I initially ran into the problem on a more involved example, but here's a mwe:

using GLM, DataFrames
m=60
vlist = [Symbol("x$(i)") for i=1:m]
fml = Formula(:Y, Expr(:call, :+, vlist...))
X = [randn(40,m-1) zeros(40,1); randn(40,m)]
y = cat(1,ones(Int,40), zeros(Int,40))
X = DataFrame(X)
X[:Y] = y
pred = glm(fml, X, Binomial(), LogitLink())

The same code with m=20 works just fine, but increasing it to m=40 (and giving it maxIter=100), I get a isfinite(crit) assertion. Further, when I increase the number of variables to m=60, it gives a PosDefException.

Incidentally, if someone has a more elegant way of making a formula of arbitrary length, I'd be glad to see it.

dmbates commented 6 years ago

First, there is no need to use a formula in a generated example like this. Just leave X as a matrix and y as a vector then call

Main> fit(GeneralizedLinearModel, hcat(ones(size(X, 1)), X), y, Bernoulli())
ERROR: failure to converge after 30 iterations.
Stacktrace:
 [1] _fit!(::GLM.GeneralizedLinearModel{GLM.GlmResp{Array{Float64,1},Distributions.Bernoulli{Float64},GLM.LogitLink},GLM.DensePredChol{Float64,Base.LinAlg.Cholesky{Float64,Array{Float64,2}}}}, ::Bool, ::Int64, ::Float64, ::Float64, ::Void) at /home/bates/.julia/v0.6/GLM/src/glmfit.jl:214
 [2] fit!(::GLM.GeneralizedLinearModel{GLM.GlmResp{Array{Float64,1},Distributions.Bernoulli{Float64},GLM.LogitLink},GLM.DensePredChol{Float64,Base.LinAlg.Cholesky{Float64,Array{Float64,2}}}}) at /home/bates/.julia/v0.6/GLM/src/glmfit.jl:220
 [3] #fit#15(::Bool, ::Array{Float64,1}, ::Array{Float64,1}, ::Array{Any,1}, ::Function, ::Type{GLM.GeneralizedLinearModel}, ::Array{Float64,2}, ::Array{Float64,1}, ::Distributions.Bernoulli{Float64}, ::GLM.LogitLink) at /home/bates/.julia/v0.6/GLM/src/glmfit.jl:278
 [4] #fit#16(::Array{Any,1}, ::Function, ::Type{GLM.GeneralizedLinearModel}, ::Array{Float64,2}, ::Array{Int64,1}, ::Distributions.Bernoulli{Float64}, ::GLM.LogitLink) at /home/bates/.julia/v0.6/GLM/src/glmfit.jl:285
 [5] fit(::Type{GLM.GeneralizedLinearModel}, ::Array{Float64,2}, ::Array{Int64,1}, ::Distributions.Bernoulli{Float64}) at /home/bates/.julia/v0.6/GLM/src/glmfit.jl:285
 [6] eval(::Module, ::Any) at ./boot.jl:235

Second, what do you expect to happen when the parameter vector is so large?

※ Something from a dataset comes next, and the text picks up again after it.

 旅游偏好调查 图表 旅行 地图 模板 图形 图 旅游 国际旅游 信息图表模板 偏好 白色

You have exactly 80 bits of information in the response, y, and you expect to fit 61 coefficients on a continuous scale. It is unlikely that a such a model can produce reliable parameter estimates.

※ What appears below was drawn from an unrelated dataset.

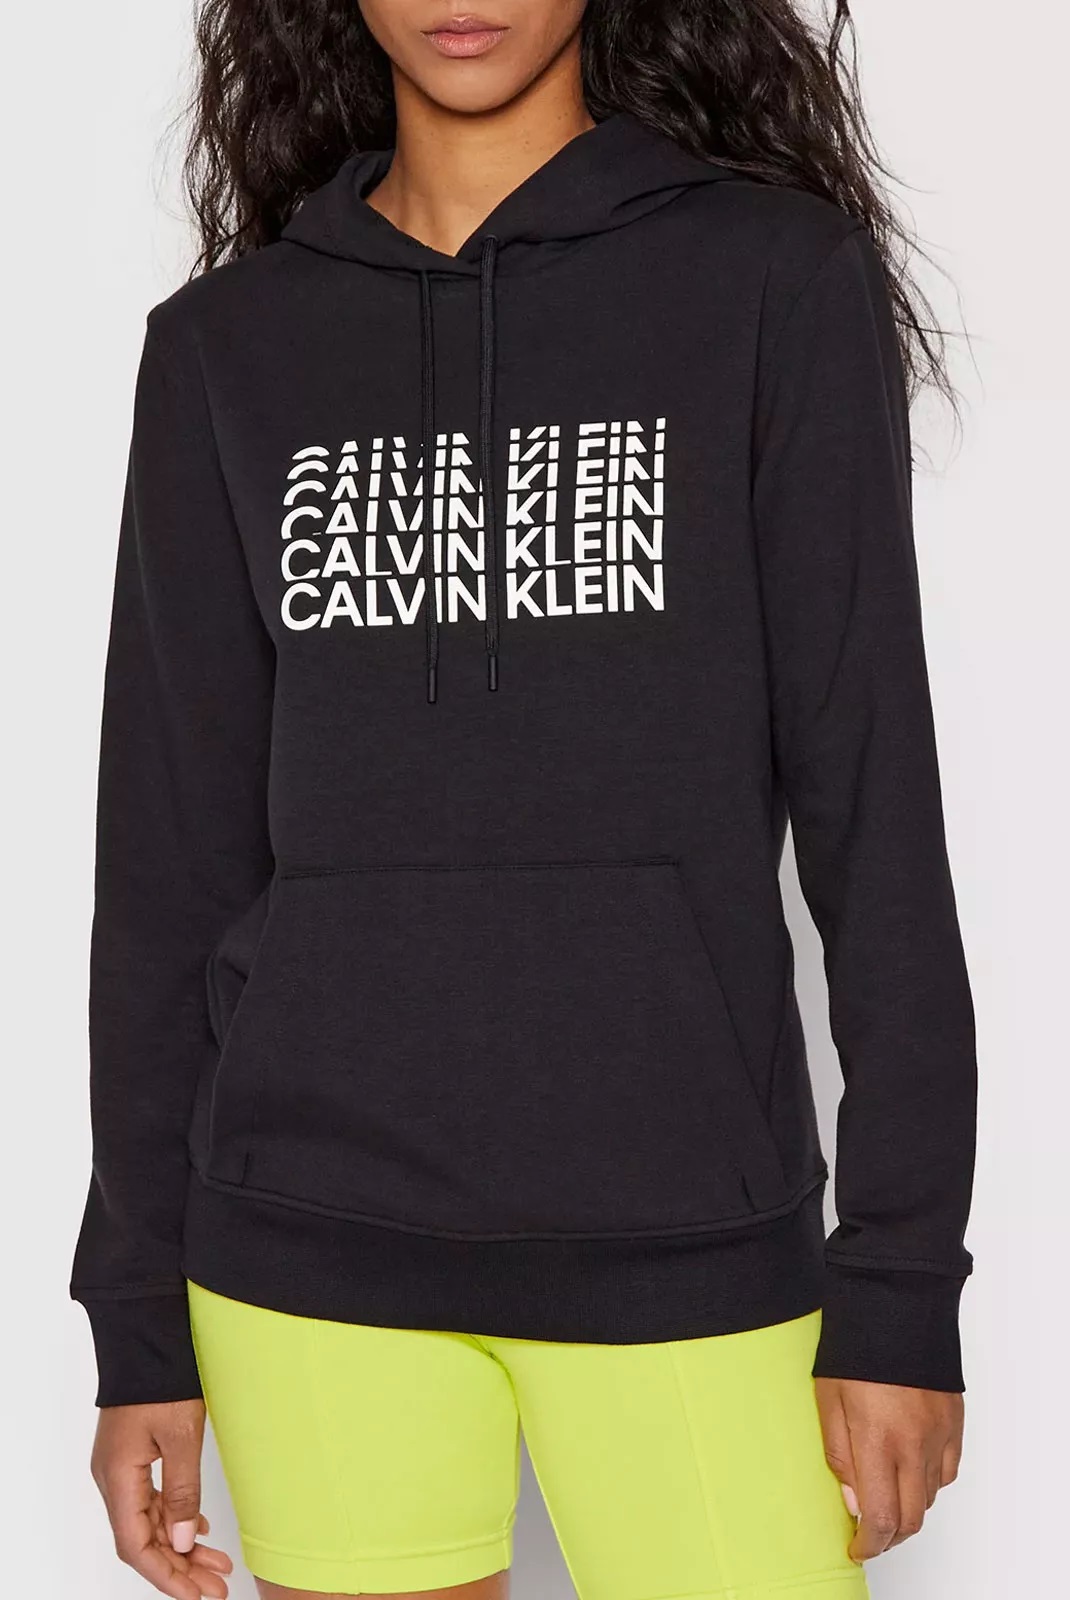 Calvin Klein dámská mikina s kapucí černá Velikost: XS

dsweber2 commented 6 years ago

The output is 1 whenever the last parameter is zero, so I was expecting it to find that without difficulty. I'm surprised that even if I make it linearly separable, I get the same errors. However, given that my actual ratio of data to parameters is still skewed in favor of the data, I'm fine with closing this.

nalimilan commented 6 years ago

Do you know of other software which handles this better? Just curious.